Task objective:
Return an exact copy of the lines from the one holding "Uxcell Uxcell 2Pcs" to the end of the data, including both the starting and final lines. Leave the pictures out.

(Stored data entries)
<<<<

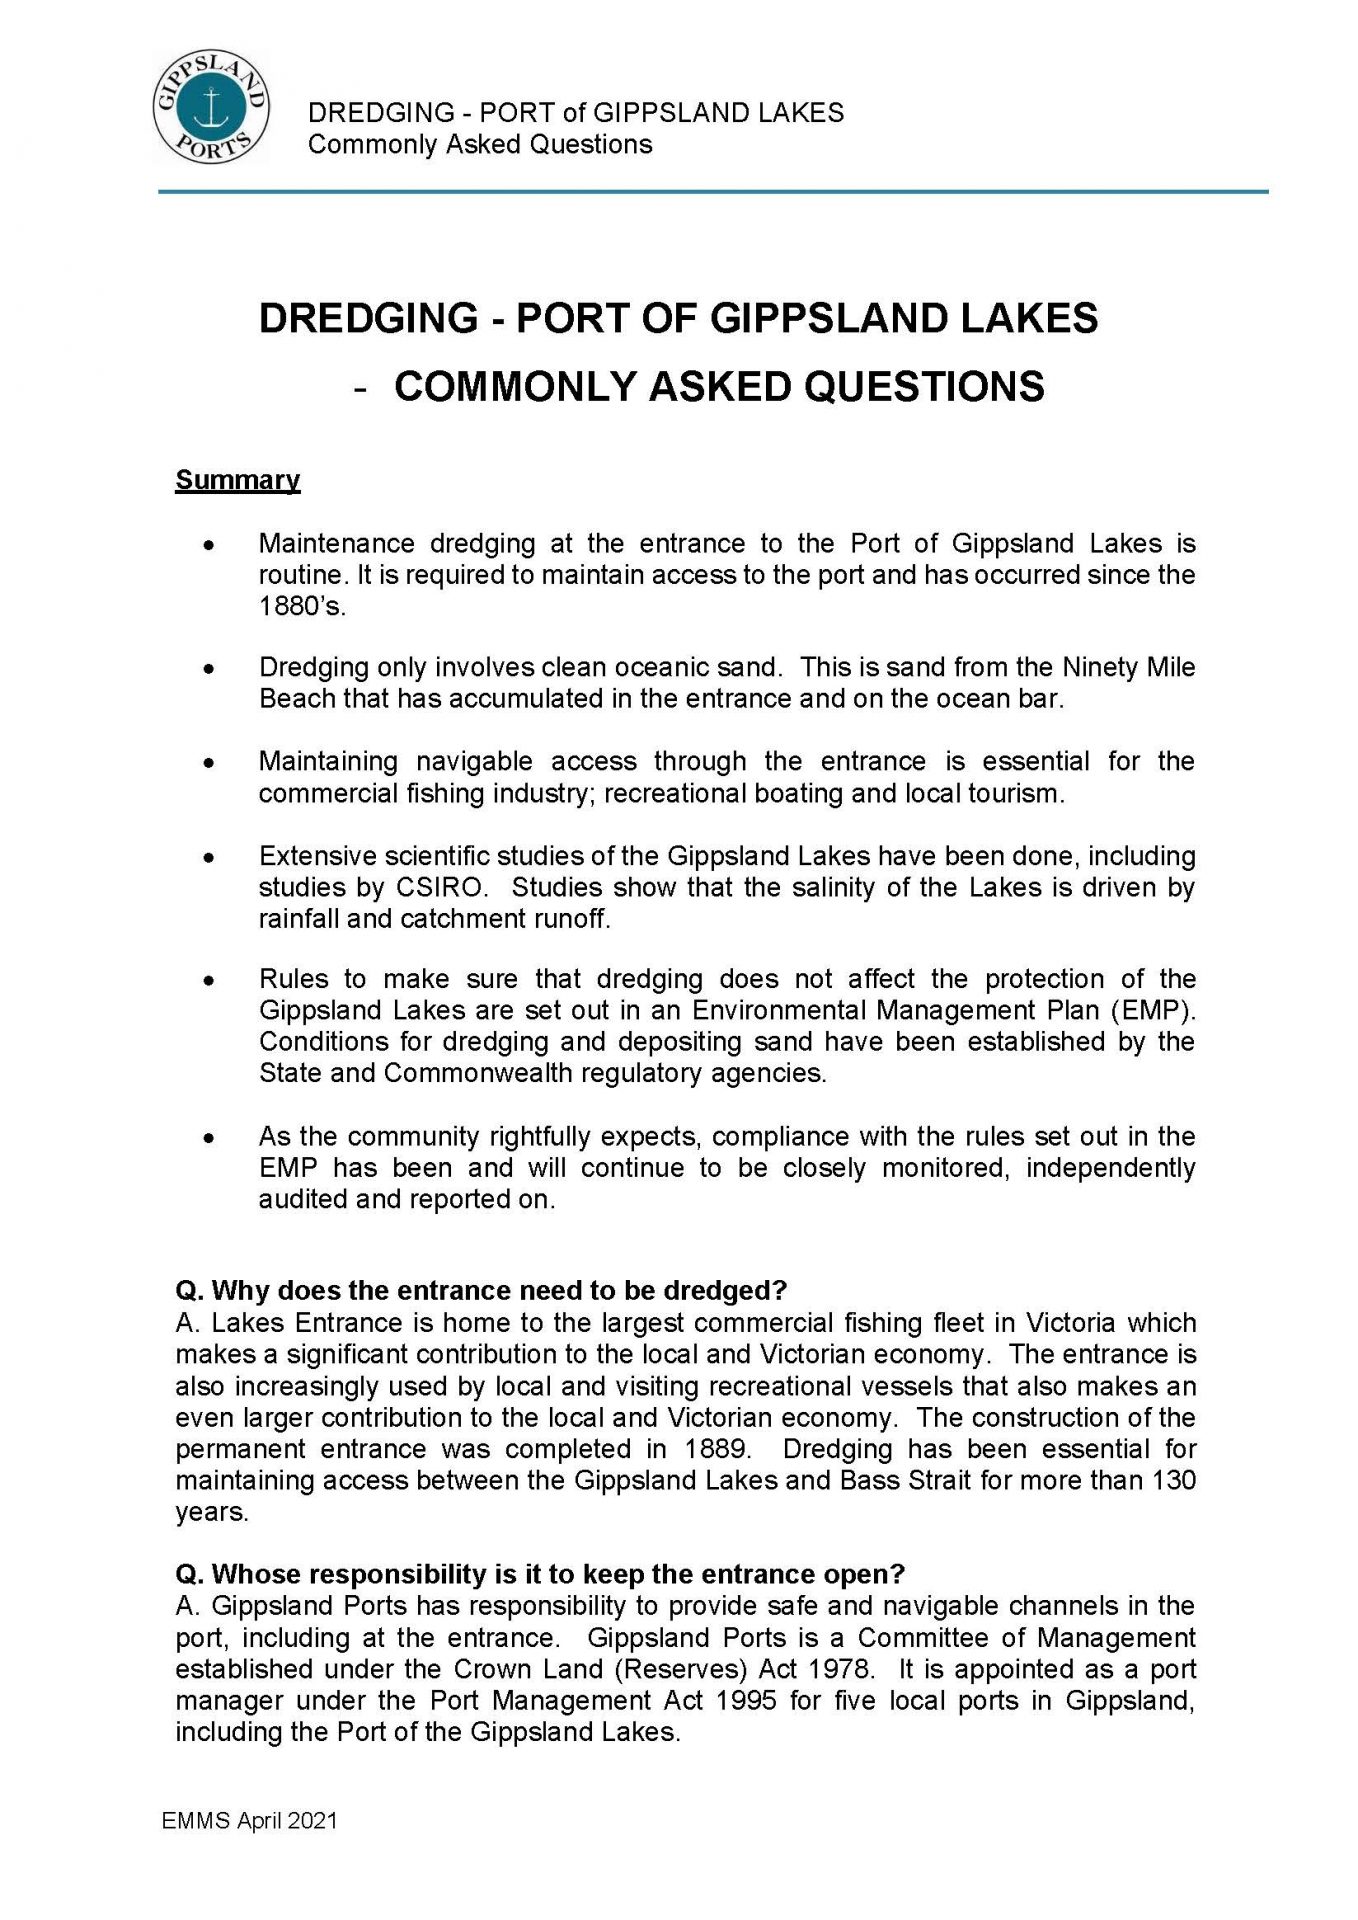 dredging-commonly-asked-questions_apr2021_page_1
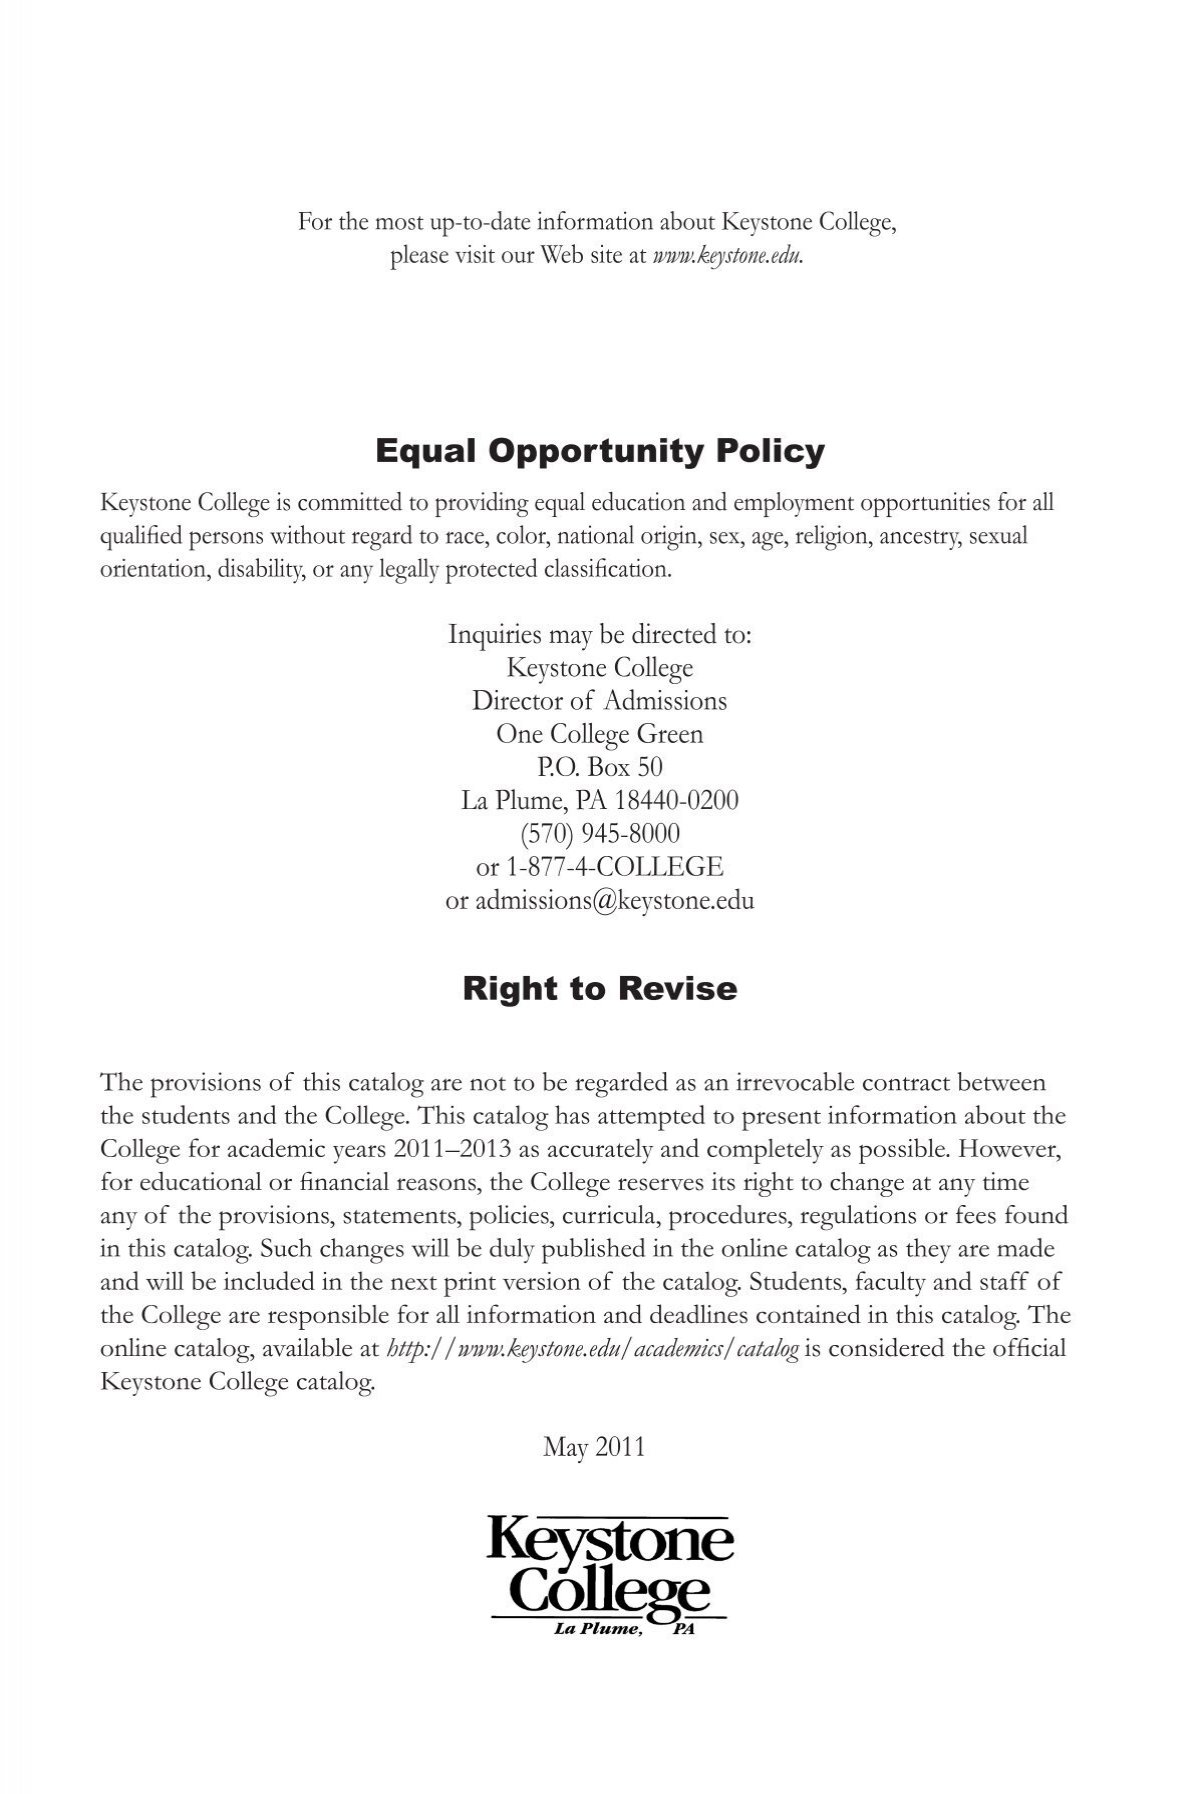 Right to Revise Equal Opportunity Policy
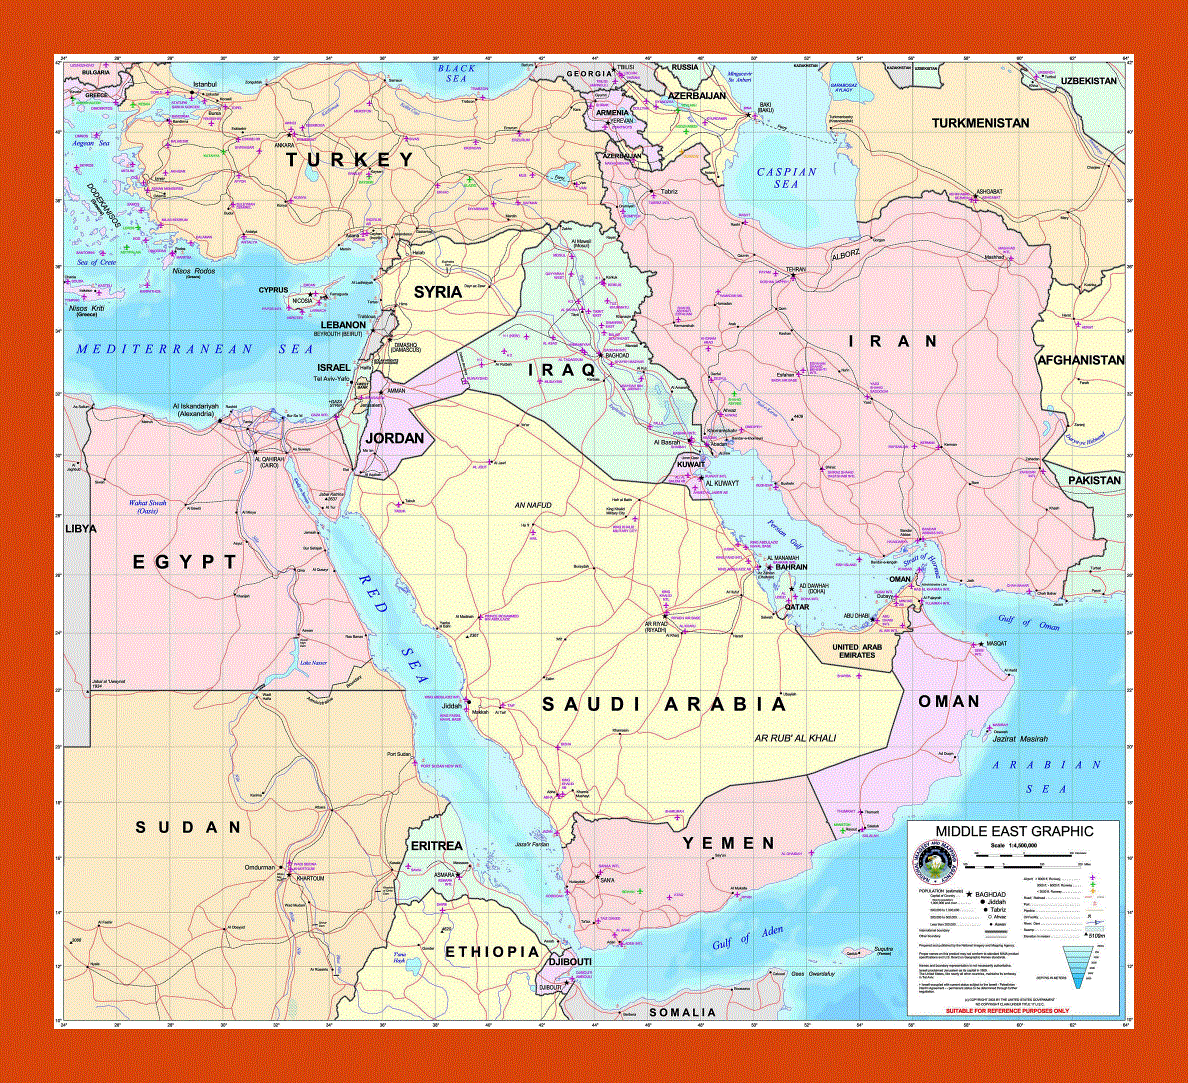 Middle East graphic map - 2003
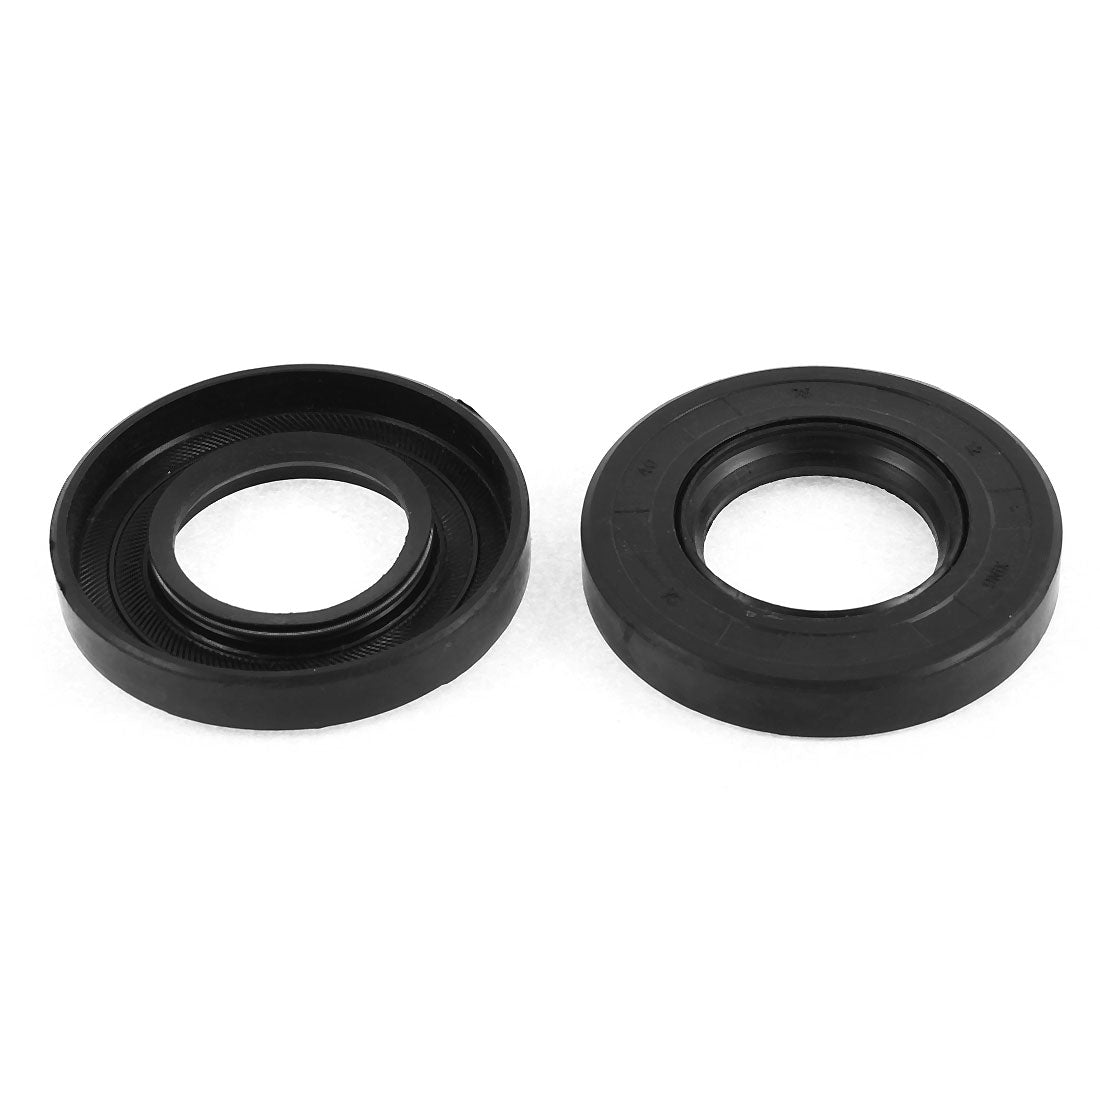 Uxcell Uxcell 2Pcs 40mm x 75mm x 12mm Rubber Oil Seal Sealing Ring Gasket Washer
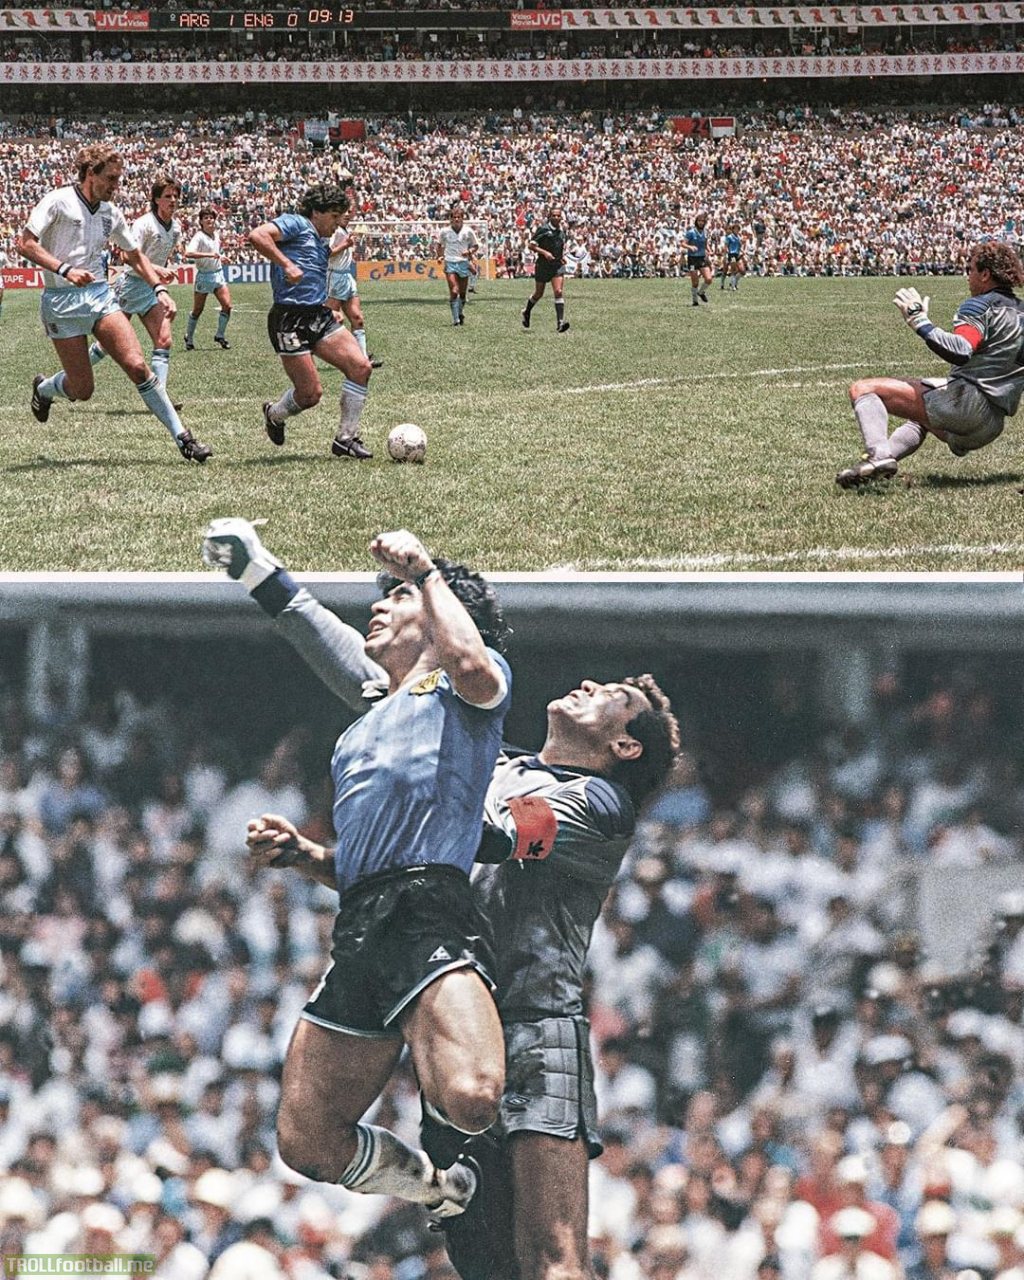 OTD June 22nd 1986, 35 years ago Diego Maradona scored the 2 most iconic goals in history in a World Cup Quarter Final vs England. The “Goal of the Century” and the “Hand of God”, both goals came just 4 minutes apart.

>>>>

Task output:
 Uxcell Uxcell 2Pcs 40mm x 75mm x 12mm Rubber Oil Seal Sealing Ring Gasket Washer
 OTD June 22nd 1986, 35 years ago Diego Maradona scored the 2 most iconic goals in history in a World Cup Quarter Final vs England. The “Goal of the Century” and the “Hand of God”, both goals came just 4 minutes apart.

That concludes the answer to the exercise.